ARRTIME column is type float, representing time in format 1600.0 representing HHMM.0.
CRSARRTIME column is type int, representing time in 24 hour format (i.e.1600 for HH:MM).
CRSDEPTIME, DEPTIME, WHEELSOFF, WHEELSON, CRSARRTIME, and ARRTIME columns are all in numerical format.
CANCELLED/DIVERTED columns contain a mixture of False, F, 0 / True, T, 0 entries.
DISTANCE column is string object and appended by 'miles'.

Missing Data

In the following the percentage of missing data is calculated.

# Get an idea of how much missing data there is
columns = data.columns
percentage_missing = data.isnull().sum() * 100 / len(data)
table_percentage_missing = pd.DataFrame({'column_name': columns,
                                 'percentage_missing': percentage_missing})
table_percentage_missing
CreateTableHTML('./figures/',table_percentage_missing,'table2')

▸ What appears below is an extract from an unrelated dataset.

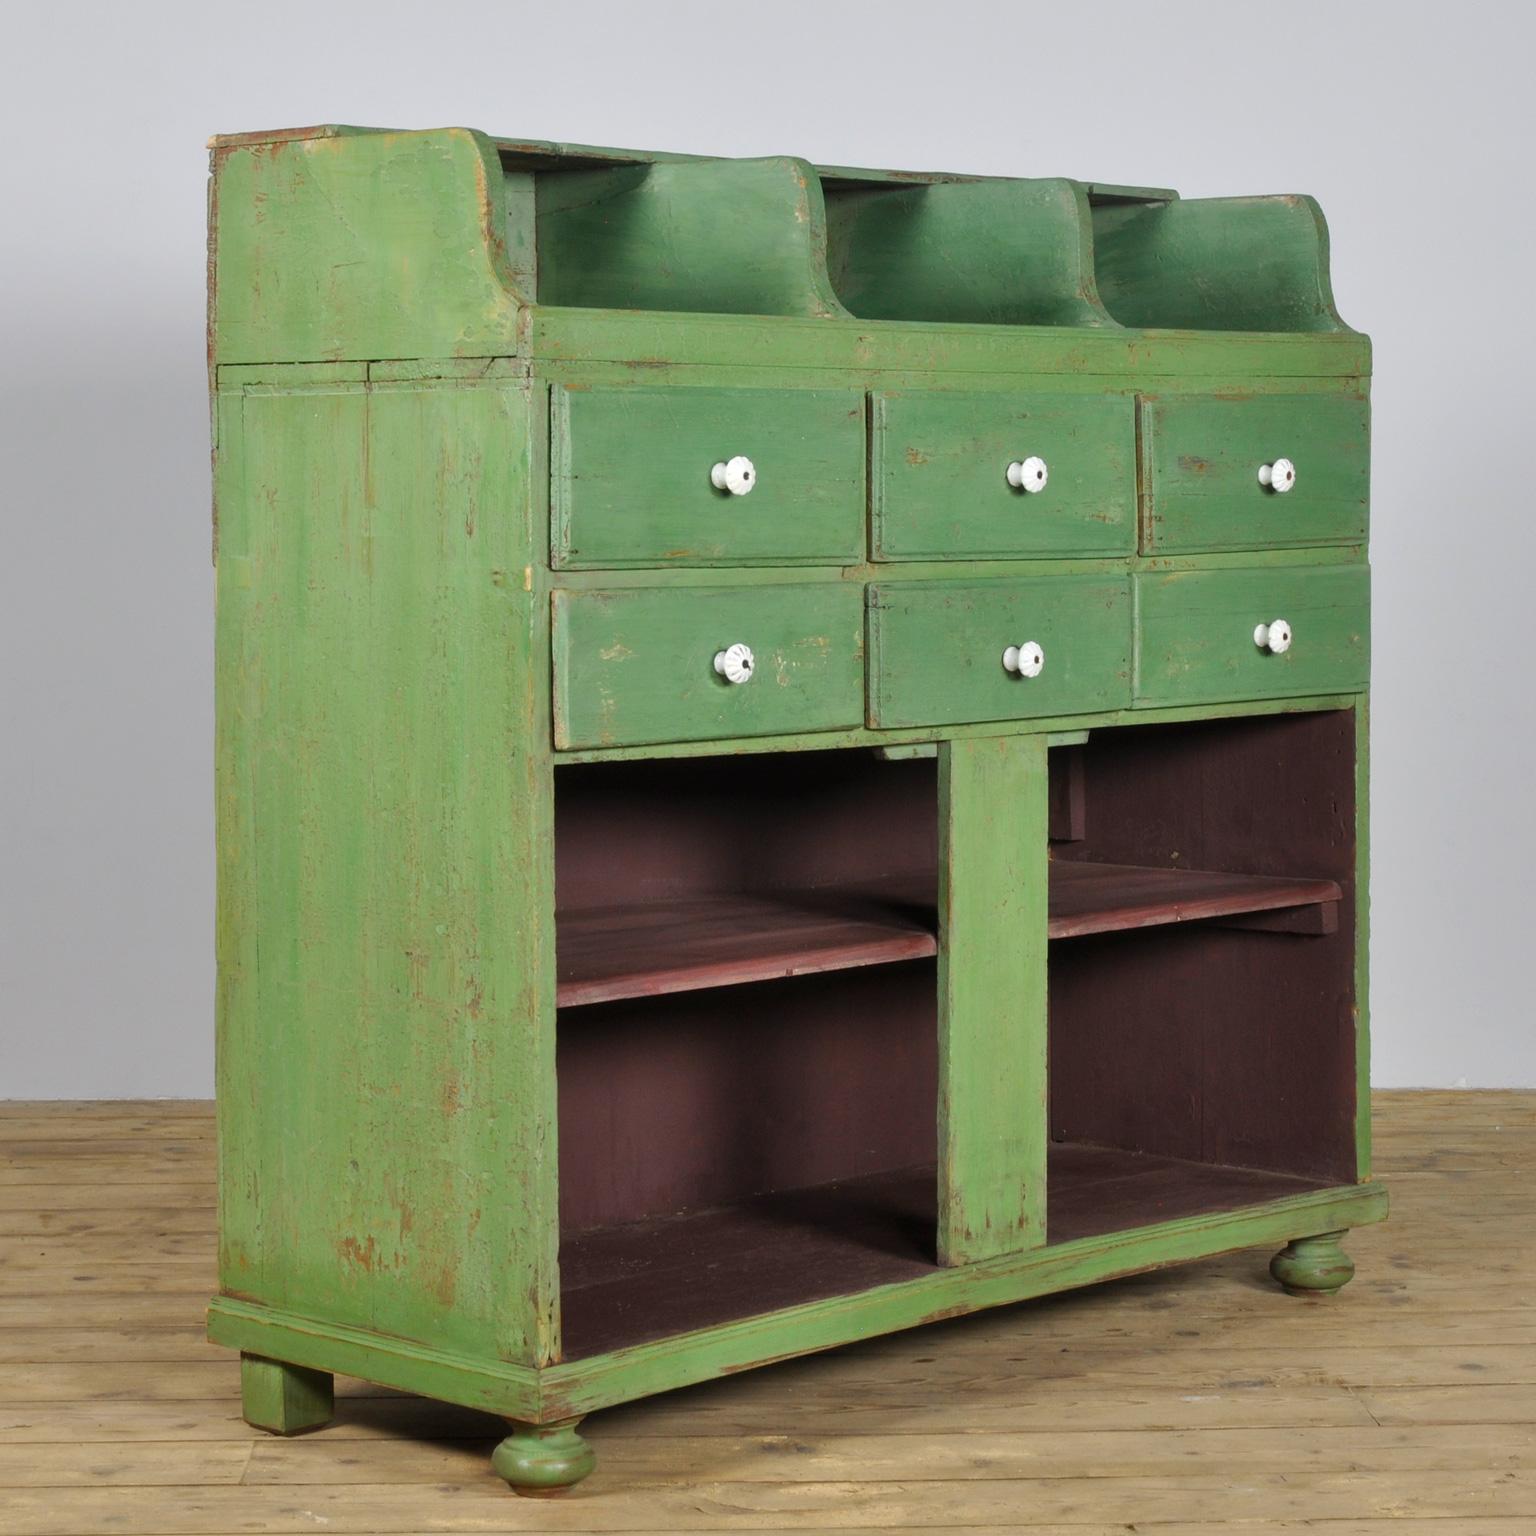 Vintage shop fitting from the 1930s. Made of pine. With 6 drawers.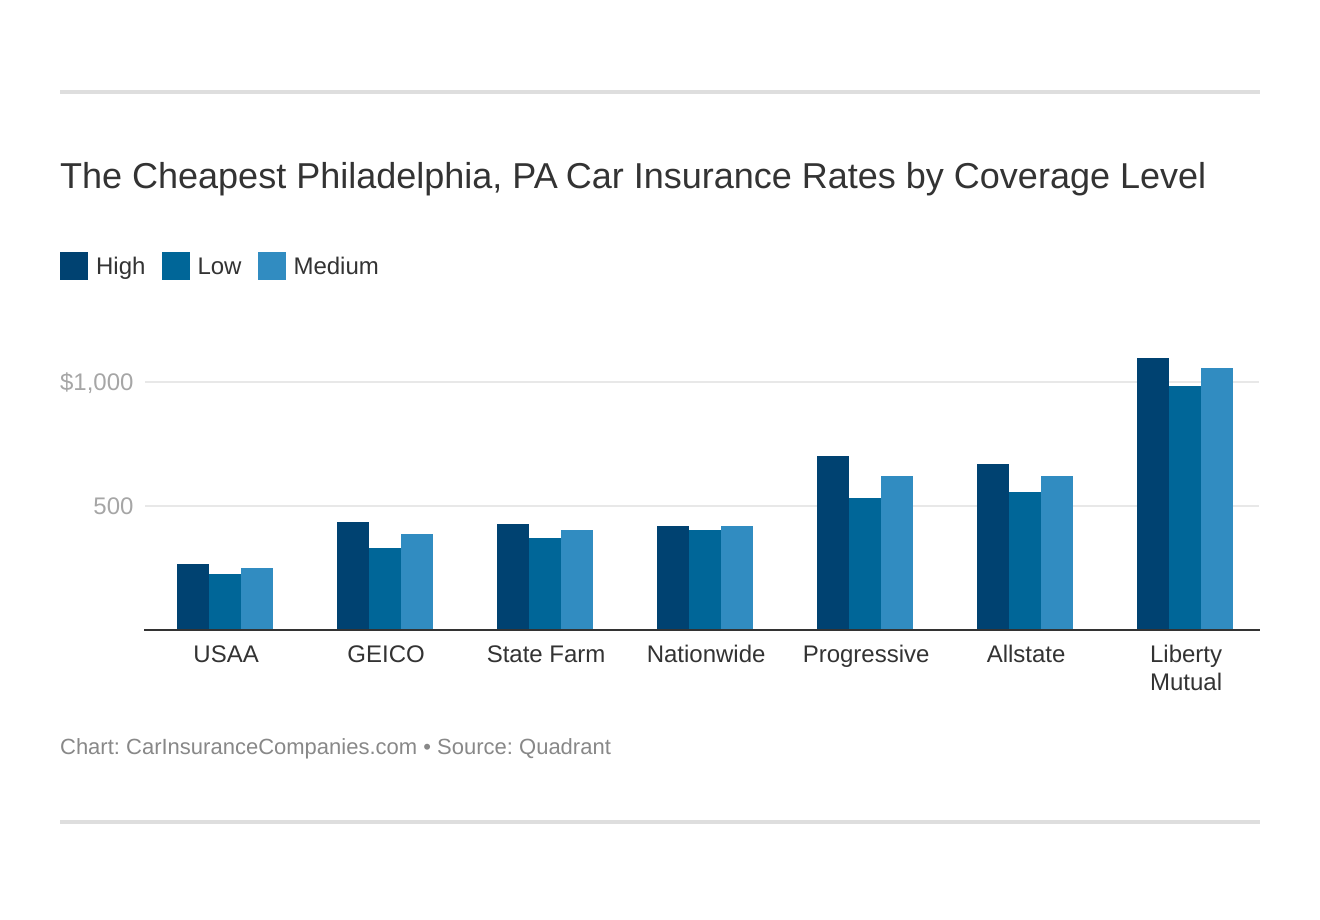 The Cheapest Philadelphia, PA Car Insurance Rates by Coverage Level

We can see there is quite alot of missing data in a range of different columns. Some of this may be able to be filled in after further investigation. However, we will start by sorting out a few of the issues already identified.

Dealing with preliminary issues

Changing columns to time format

CRSDEPTIME, DEPTIME, WHEELSOFF, WHEELSON, CRSARRTIME, and ARRTIME need to be changed to format datetime objects.

def getTime(t):
    if len(t) == 4:
        
        if t == "2400":
            t = "0000"
            
        t = t + '00' 
        return t[:2] + ':' + t[2:4] + ':' + t[4:]
    elif len(t) == 3:
    
        t = '0' + t + '00'
        return t[:2] + ':' + t[2:4] + ':' + t[4:]

data['CRSARRTIME'] = data['CRSARRTIME'].apply(lambda x: str(x) if not pd.isnull(x) else x)
data['CRSARRTIME'] = data['CRSARRTIME'].map(getTime, na_action='ignore')
data['CRSARRTIME'] = pd.to_datetime((data['FLIGHTDATE'].astype(str)+data['CRSARRTIME']).apply(str), format='%Y%m%d%H:%M:%S')
data['CRSARRTIME'].head()

data['ARRTIME'] = data['ARRTIME'].apply(lambda x: str(x) if not pd.isnull(x) else x)
data['ARRTIME'] = data['ARRTIME'].str.replace('\.0','')
data['ARRTIME'] = data['ARRTIME'].map(getTime, na_action='ignore')
data['ARRTIME'] = pd.to_datetime((data['FLIGHTDATE'].astype(str)+data['ARRTIME']).apply(str), format='%Y%m%d%H:%M:%S')
data['ARRTIME'].head()

data['DEPTIME'] = data['DEPTIME'].apply(lambda x: str(x) if not pd.isnull(x) else x)
data['DEPTIME'] = data['DEPTIME'].str.replace('\.0','')
data['DEPTIME'] = data['DEPTIME'].map(getTime, na_action='ignore')
data['DEPTIME'] = pd.to_datetime((data['FLIGHTDATE'].astype(str)+data['DEPTIME']).apply(str), format='%Y%m%d%H:%M:%S')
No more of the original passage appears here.